Em outros lugares, a extensão do banho de sangue já começa a aparecer. Em dois incidentes mortais, o mais recente ocorrido em 28 de março, mais de 300 pessoas foram mortas. Os membros marroquinos das forças de paz enviados aos locais destes massacres encontraram até agora 255 corpos, mas ainda há outros em densas florestas e outros locais inacessíveis. Uma equipe de direitos humanos da ONU também está presente no local, coletando evidências e tentando estabelecer uma ordem dos eventos.

A imagem não é em preto e branco. Informações fornecidas pelo Escritório do Alto Comissariado das Nações Unidas para os Direitos Humanos indicam que o primeiro incidente ocorreu na área controlada pelas forças leais ao agora capturado Laurent Gbagbo. As vítimas eram, em sua maioria, membros do grupo étnico Dioula, que tendia a apoiar o rival de Gbagbo, Alassane Ouattara, que é amplamente reconhecido como vencedor das eleições do ano passado, e Presidente legítimo do país. O segundo ocorreu em uma área sob controle das forças aliadas a Ouattara, e as vítimas eram majoritariamente Gueré, que apoiavam Gbagbo. Os mortos foram encontrados com vestimentas civis.

Não se sabe exatamente quantas pessoas foram mortas em Abidjan. A equipe de direitos humanos da ONU na Costa do Marfim estima que o número gire em torno de 400. Cadáveres não têm sido recolhidos de forma sistemática, devido aos riscos persistentes à segurança. Hospitais estão sem muitos suprimentos médicos básicos e os alimentos são escassos, deixando muitas pessoas famintas e com medo. Os membros das forças de paz da ONU utilizaram veículos blindados para evacuar diplomatas e jornalistas pegos pelo combate em Cocody, vizinhança próxima à residência presidencial onde Laurent Gbagbo fez sua última resistência. A população local não teve uma rota de fuga.

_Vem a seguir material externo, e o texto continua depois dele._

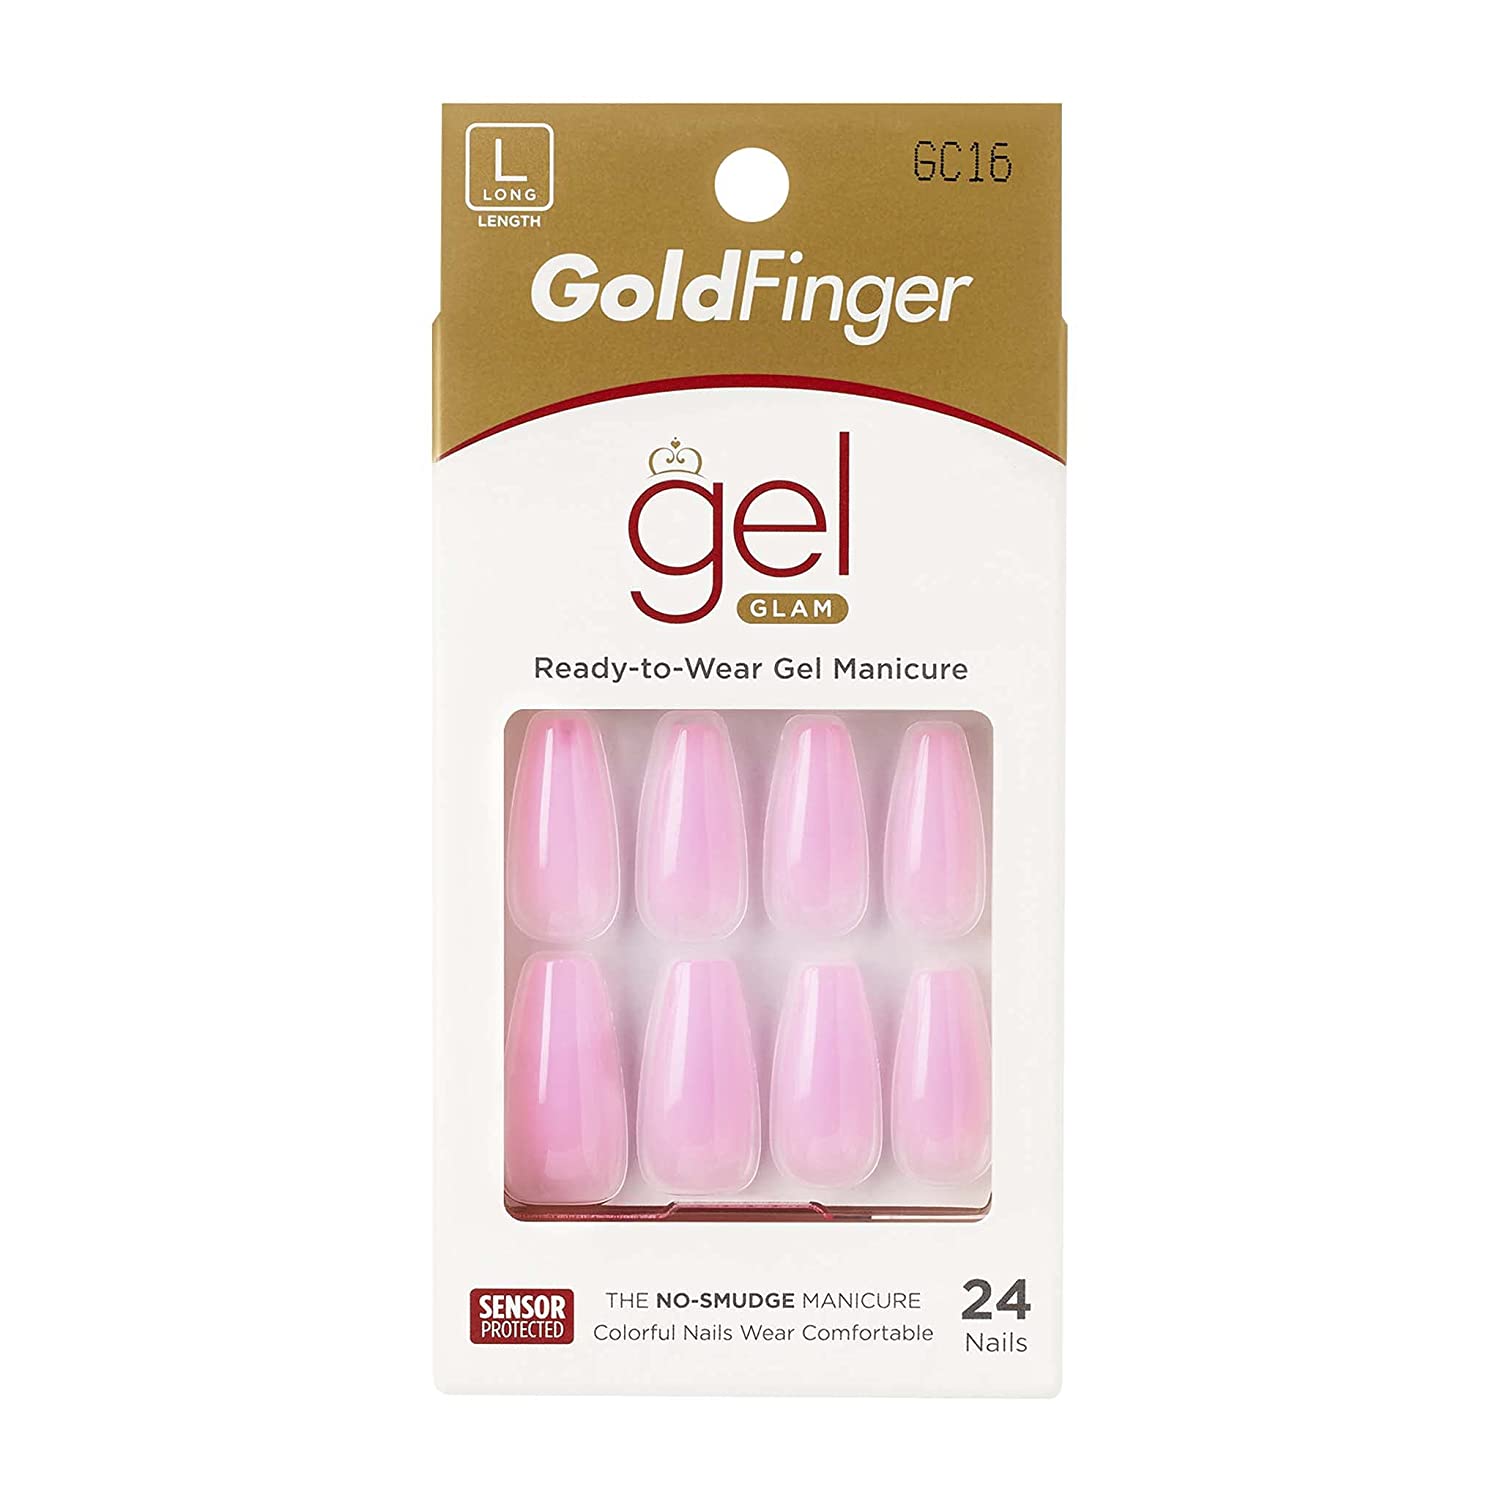 Kiss GoldFinger Gel Glam Ready-to-Wear Gel Manicure (GC16)

O Presidente Ouattara disse que faria tudo que estivesse ao seu alcance para quebrar o ciclo vicioso da violência étnica.

“Vou estabelecer uma comissão de verdade e conciliação, e assegurar que todos os que cometeram algum crime, não importa sua afiliação política ou etnia, sejam responsabilizados”, ele me disse na terça-feira, em Abidjan. “Quero a reconciliação. Vou formar um Governo no qual todas as regiões e grupos étnicos estejam representados.” Desde então, ele tem repetido a promessa em declarações públicas.

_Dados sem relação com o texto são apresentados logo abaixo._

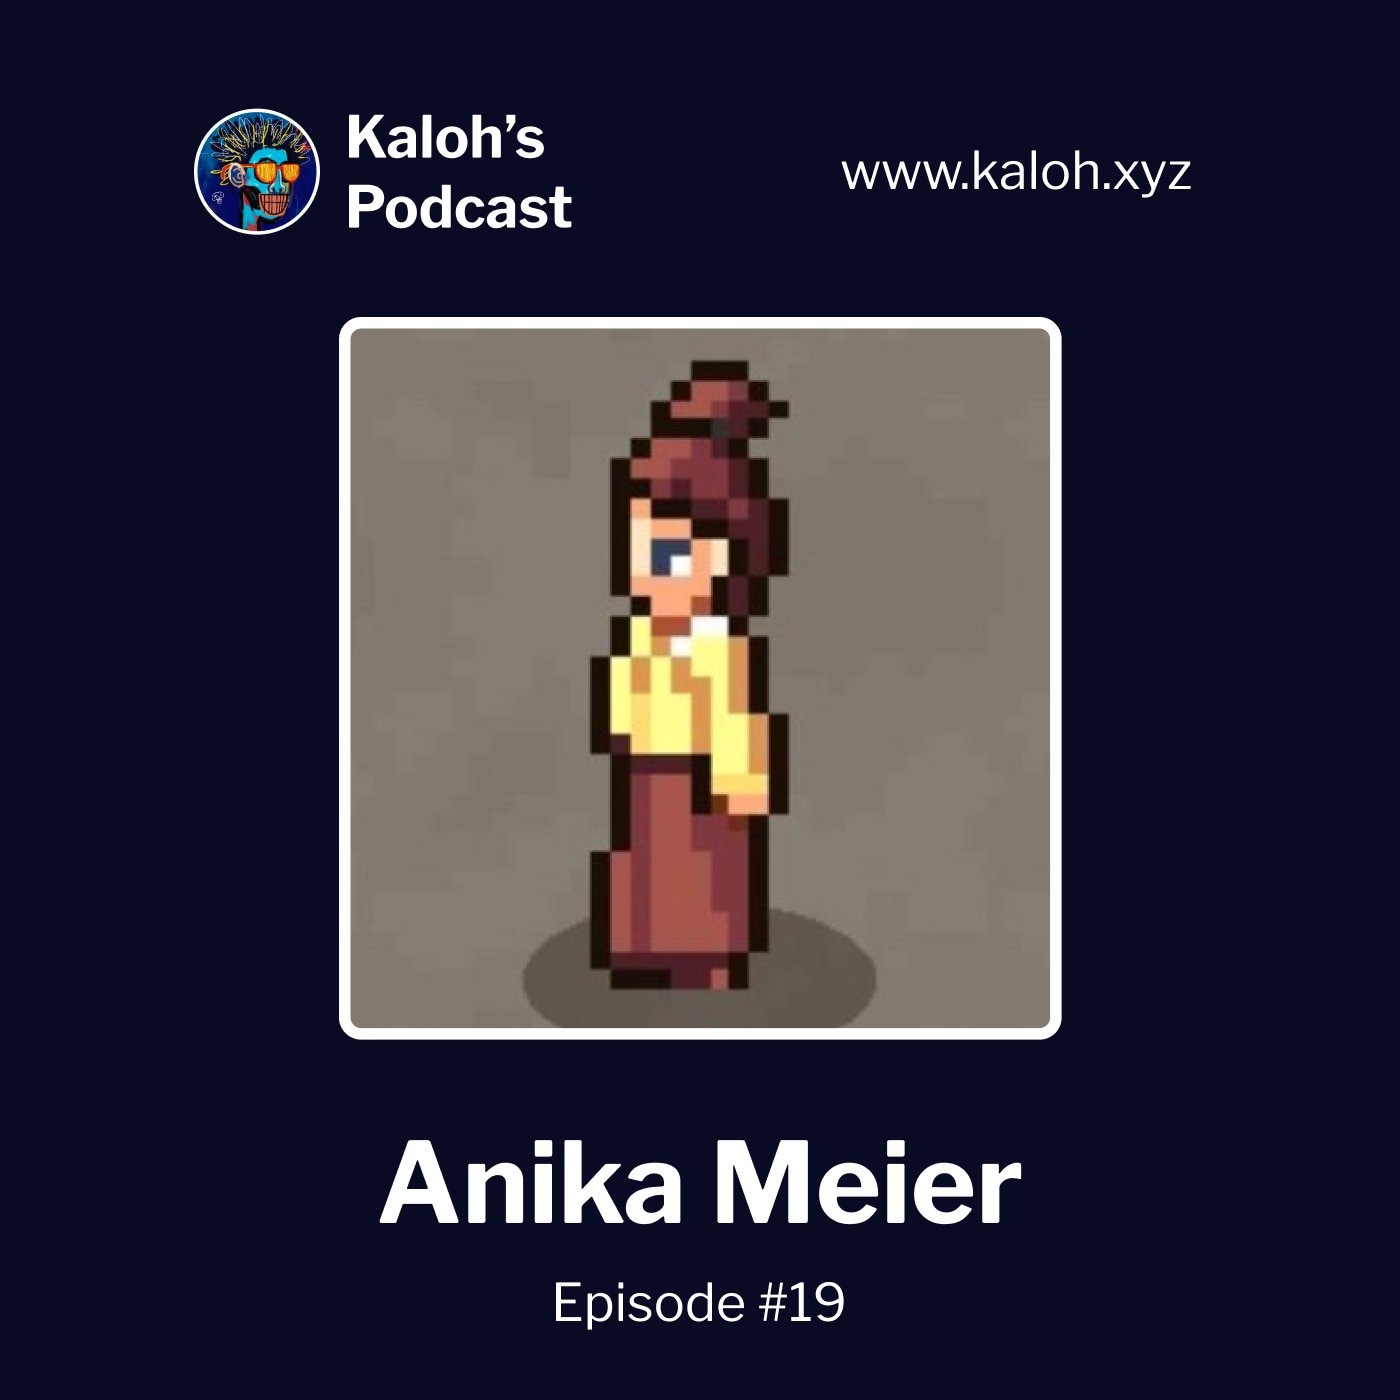 Kaloh's Podcast Episode 19: Anika Meier

Se a verdade sobre os crimes cometidos desde o início do conflito, em setembro de 2002, tivesse sido estabelecida antes e os autores dos crimes responsabilizados, talvez a Costa do Marfim fosse poupada de enfrentar a atual situação.

Uma comissão internacional de inquérito foi estabelecida em 2004, mas seus relatórios nunca se tornaram públicos, nem foram levados ao Conselho de Segurança da ONU. Espera-se que este não seja o caso desta vez. O Conselho de Segurança já solicitou ao Secretário-Geral da ONU, Ban Ki-moon, que apresente um relatório sobre a investigação independente, encomendada pelo Conselho de Direitos Humanos, e que o compartilhe com outras organizações internacionais. O relatório deverá ser apresentado em meados de junho, mas quantas pessoas poderão ter perdido suas vidas até lá? Será que futuras retaliações poderão ser evitadas?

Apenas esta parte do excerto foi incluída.